| name | systematic-debugging |
| description | This skill should be used when debugging complex kernel issues requiring systematic investigation and documentation. Use for documenting problem analysis, root cause investigation, solution implementation, and evidence collection following Breenix's Problem→Root Cause→Solution→Evidence pattern. |
Systematic Debugging for Breenix
Document-driven debugging workflow for kernel issues.
Purpose
Complex kernel bugs require systematic investigation and documentation. This skill provides the pattern used in Breenix debugging docs like TIMER_INTERRUPT_INVESTIGATION.md, DIRECT_EXECUTION_FIX.md, and PAGE_TABLE_FIX.md.
The Four-Phase Pattern
All debugging documents follow this structure:
- Problem: What's broken? Observable symptoms
- Root Cause: Why is it broken? Deep analysis
- Solution: What fixes it? Implementation details
- Evidence: How do you know it's fixed? Before/after proof
When to Use
- Complex kernel issues: Not simple typos or obvious bugs
- Architectural problems: Issues requiring design changes
- Recurring failures: Problems that reappear or are hard to reproduce
- Learning opportunities: Bugs that teach important lessons
- CI investigations: Failed tests requiring deep analysis
Debugging Workflow
Phase 1: Problem Definition
Document observable symptoms:
# Problem Summary
[Brief description of what's failing]
## Symptoms
- What fails? (test, boot, specific operation)
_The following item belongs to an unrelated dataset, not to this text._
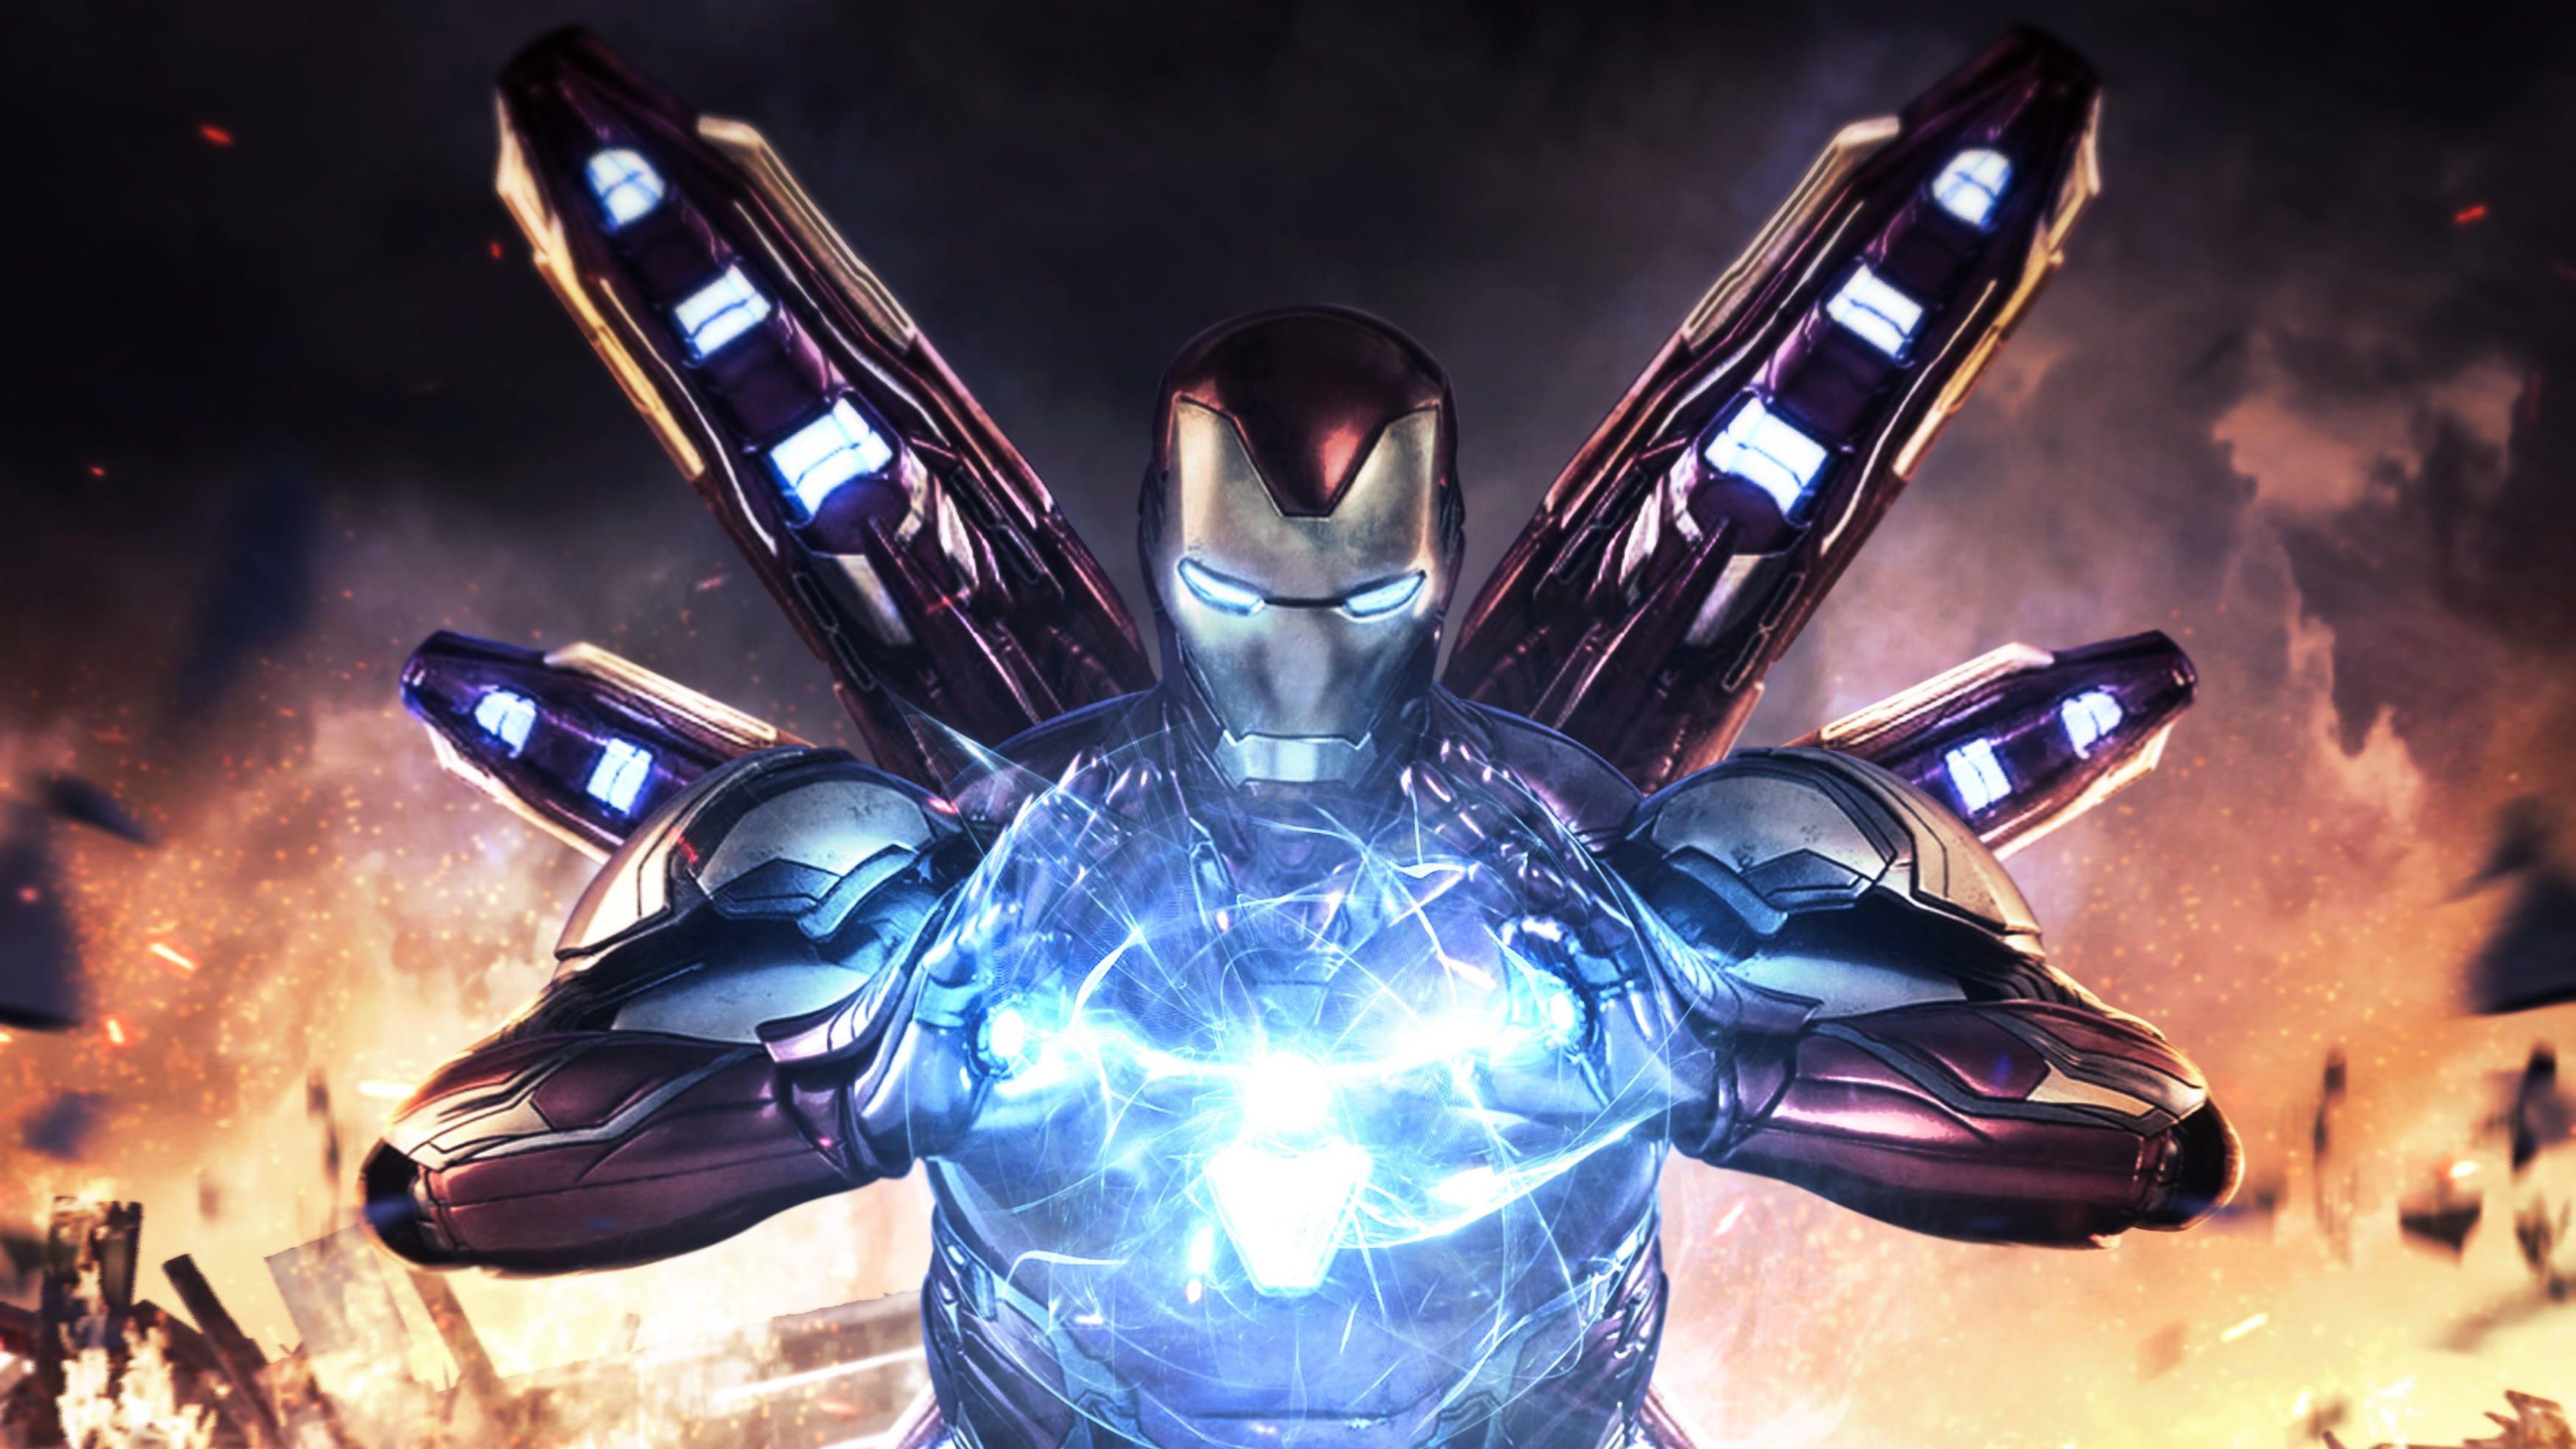 3500x1969 Iron Man Avengers Endgame 4k Hd Superheroes 4k Wallpaper Image

- When does it fail? (always, intermittently, specific conditions)
- Error messages or behavior observed
- What works vs what doesn't
Example from DIRECT_EXECUTION_FIX.md:
# Problem Summary
Direct userspace execution was failing with a double fault at `int 0x80`
instruction (`0x10000019`).
## Symptoms
- Userspace processes boot successfully
- Calling int 0x80 triggers double fault
- Error occurs during Ring 3 → Ring 0 transition
Phase 2: Root Cause Analysis
Investigate systematically:
Reproduce consistently
# Use kernel-debug-loop for fast iteration kernel-debug-loop/scripts/quick_debug.py --signal "FAILURE_POINT" --timeout 10Add diagnostic logging
log::debug!("About to perform operation X"); log::debug!("Variable state: {:?}", state); log::debug!("After operation X");Narrow down location
- Binary search: Add checkpoint in middle of suspect code
- If reached: problem is after
- If not reached: problem is before
- Repeat until isolated
Analyze state
- What values are variables?
- What should they be?
- What assumptions are violated?
Document findings:
## Root Cause Analysis
1. **Sequence of Events**:
- Step 1 happens
- Step 2 happens
- Step 3 fails because X
2. **Technical Details**:
- Specific memory addresses, registers, flags
- Code paths taken
- Assumptions violated
3. **Why It Happens**:
- Fundamental reason for the failure
- What design assumption was wrong
Phase 3: Solution Implementation
Document the fix:
## Solution
### 1. [Component] Fix
**File**: `path/to/file.rs`
**Lines**: X-Y
[Explanation of what changed and why]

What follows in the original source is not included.